The board of estimate, meeting this morning, appropriated $10,000 for information leading to the arrest and conviction of persons implicated in the explosion. An additional $500 was appropriated for information leading to the establishment of the ownership of the horse and wagon. A proposal by one member that $25,000 be authorized was rejected.

The junction of Wall, Broad and Nashua streets, the scene of the explosion, today was crowded as ever  before the narrow streets of the financial district were thronged with thousands of curiosity seekers, who were kept on the move by 500 police men.

Window Weights Found.

It was apparent that the police were closely scrutinizing all passersby.

The explosion, according to the official investigators, "apparently occurred in a horse-drawn, covered wagon at a point almost opposite an entrance to the United States assay office."

The investigators found that the wagon had a red running gear and that there were no markings on the harness other than to show it was for one horse.

The small pieces of window weights with which the infernal machine had been loaded had been "fused by an Intense heat," indicating they had been cut into slugs by a high-powered gas burner.

Referring to the theory that the explosion had been caused by collision of an automobile with a powder wagon, Commissioner Drennan said that only two concerns are licensed to convey explosives through the streets of New York and that all of their wagons and motor trucks had been accounted for.

No blasting powder, dynamite or trinitrotoluol was delivered by either concern to any of the four places in the downtown district where blasting is being done, the report stated.

Shortly after the grand jury went into session Mr.

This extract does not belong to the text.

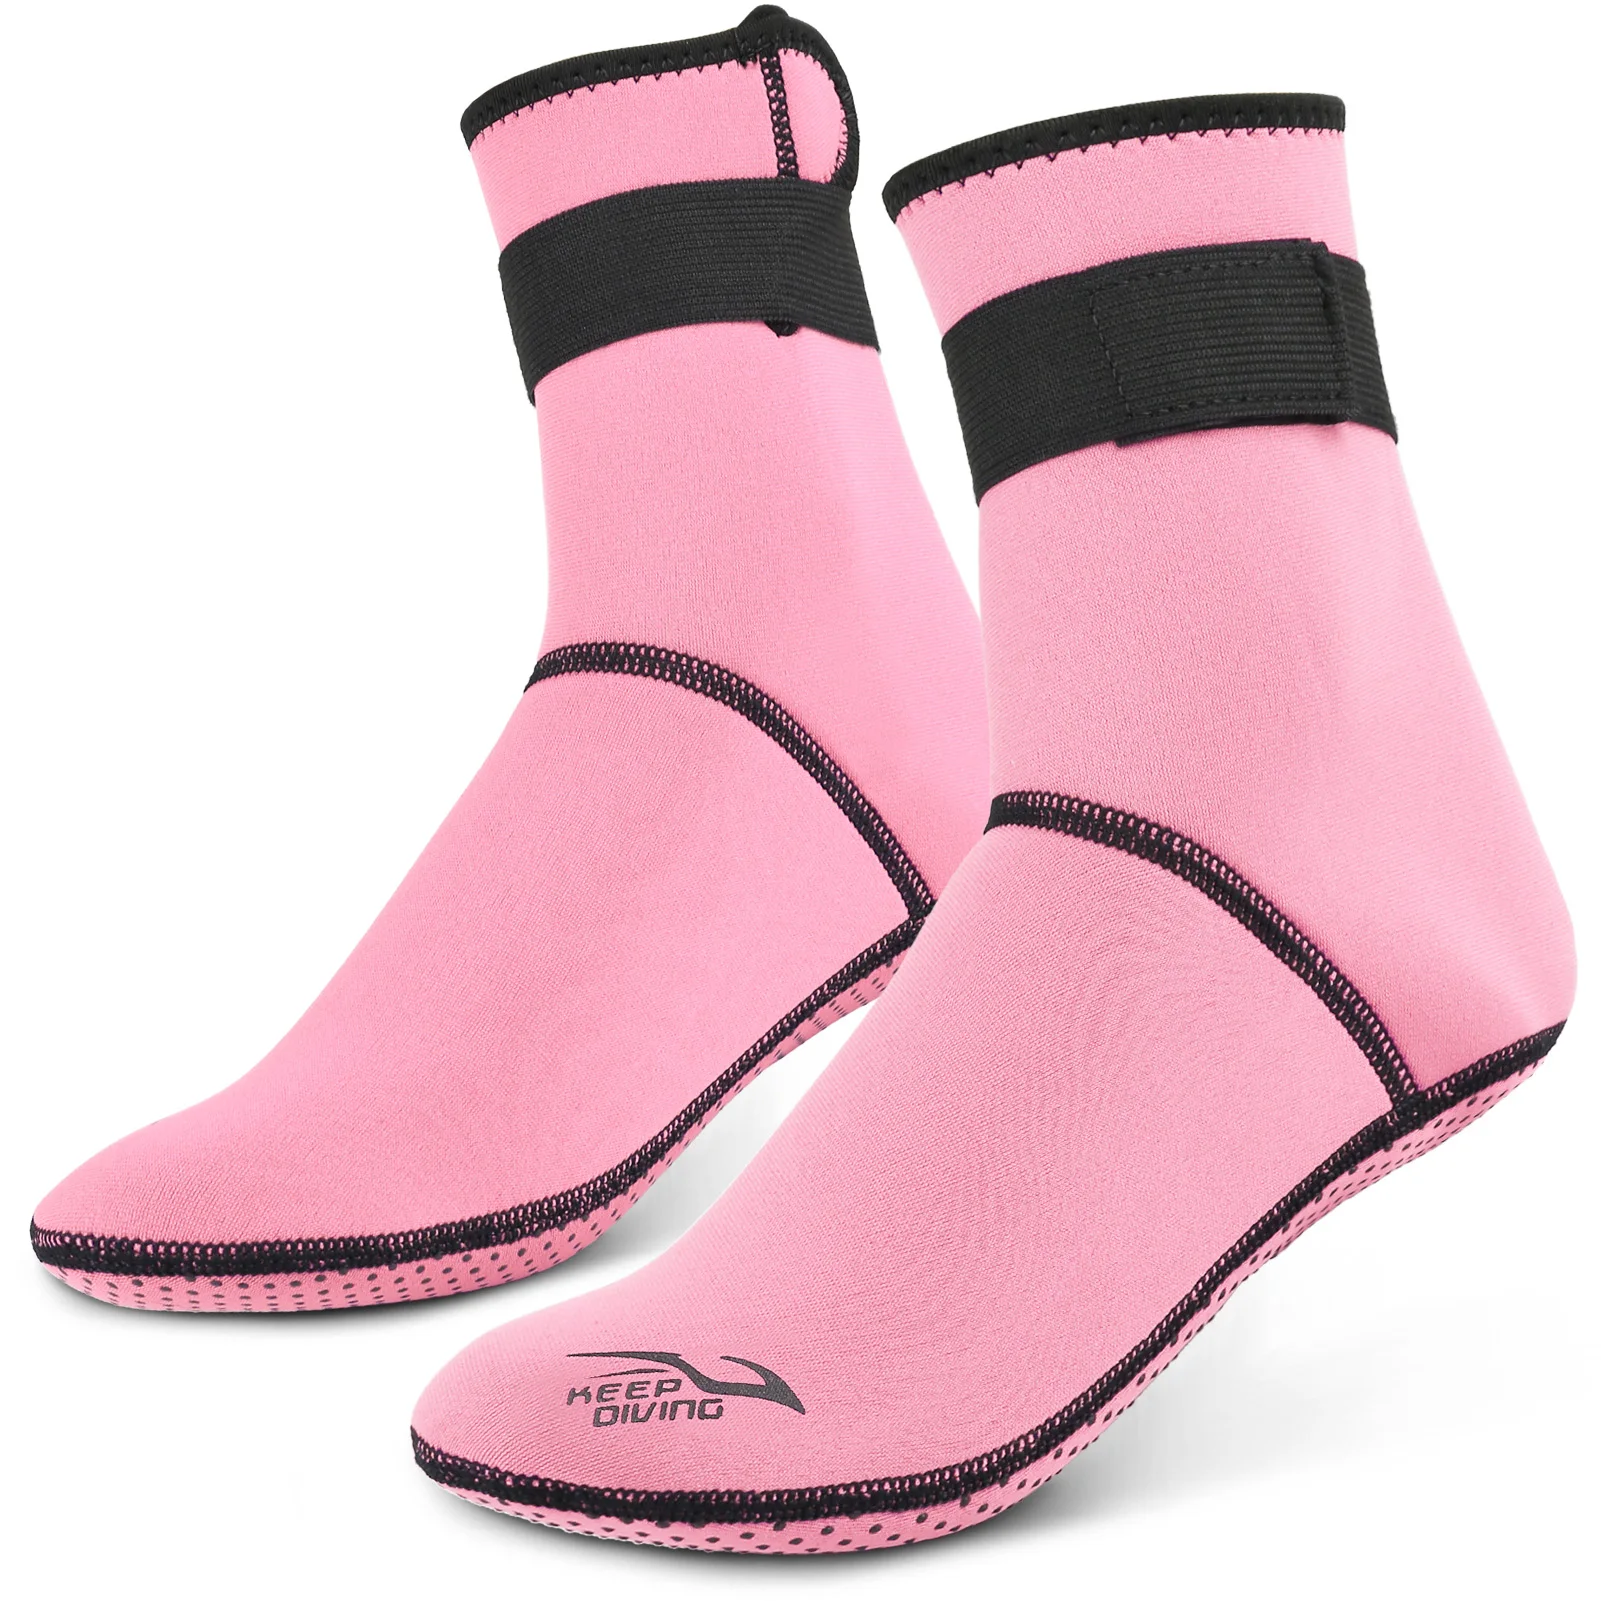 Tauchen Socken 3mm Neopren Strand Wasser Socken Thermische Neoprenanzug Stiefel Anti Slip Tauchen Socken für Rafting Schnorcheln Segeln Schwimmen
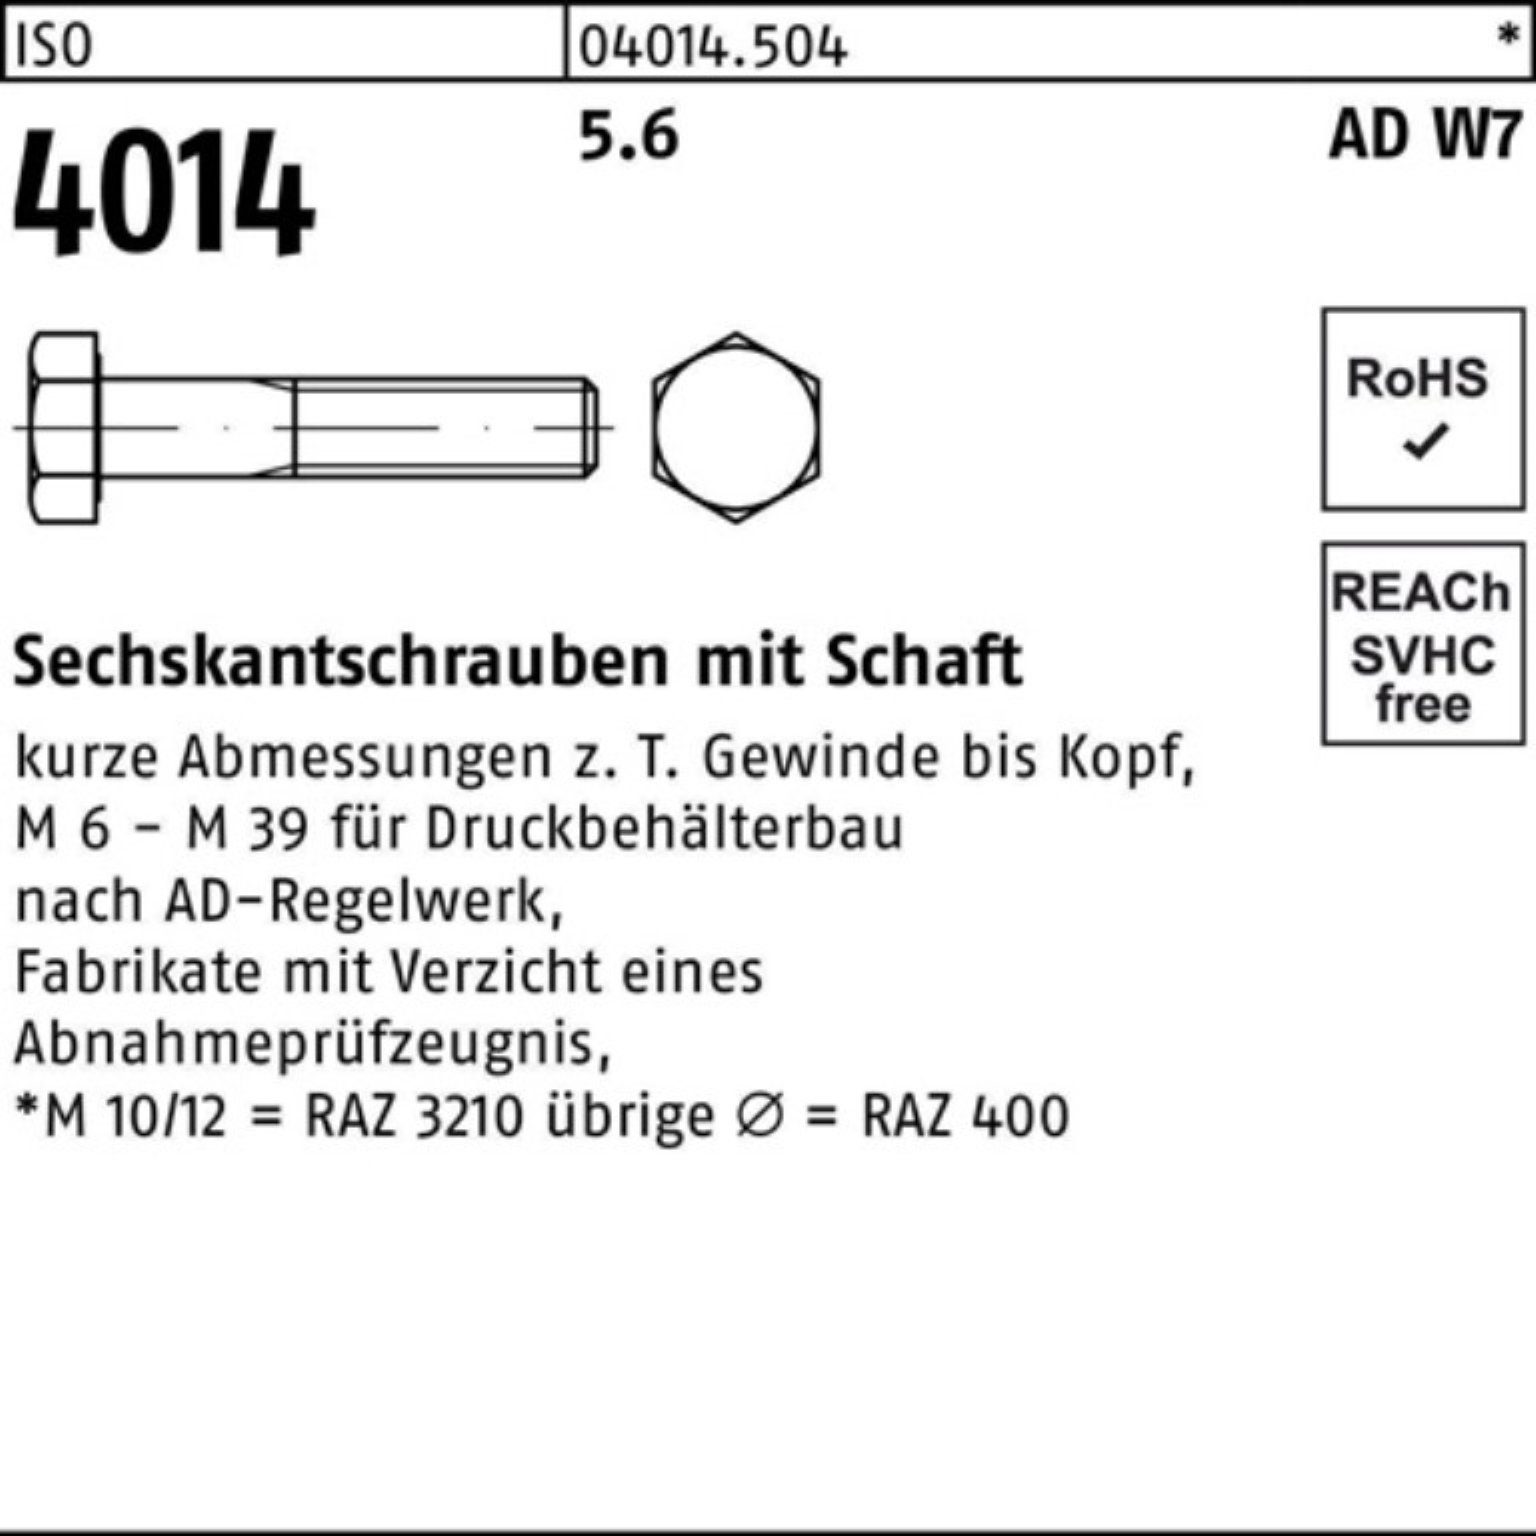 5.6 Bufab Stück Sechskantschraube 100er Schaft 4014 ISO M22x 10 W7 Pack Sechskantschraube 100

Talley appeared before the inquisitors to aid them. All the evidence now being collected by the police, fire department and district attorney's office, as well as that obtained by federal investigators, will be put at the disposal of the jurors. They left for the scene of the disaster at 1:30 p.m.

Mr. Talley said chemists are at work to ascertain the type of explosive used. It was expected the experts could determine whether TNT or some other equally high explosive was used.

The prosecutor has requested the police to obtain from all the hospitals a list of the wounded in order that he may have a complete statement from every witness.

Assistant District Attorney John F. Joyce, chief of the homicide bureau of the district attorney's office, informed Mr. Talley that two wounded men treated at the Volunteer Hospital were reported to have said that the "bomb wagon," besides being painted red as is required of all explosive conveyers, bore a red flag in the rear and large letters on the side reading: "Explosives."

These men, whose names were withheld, are being sought by the police.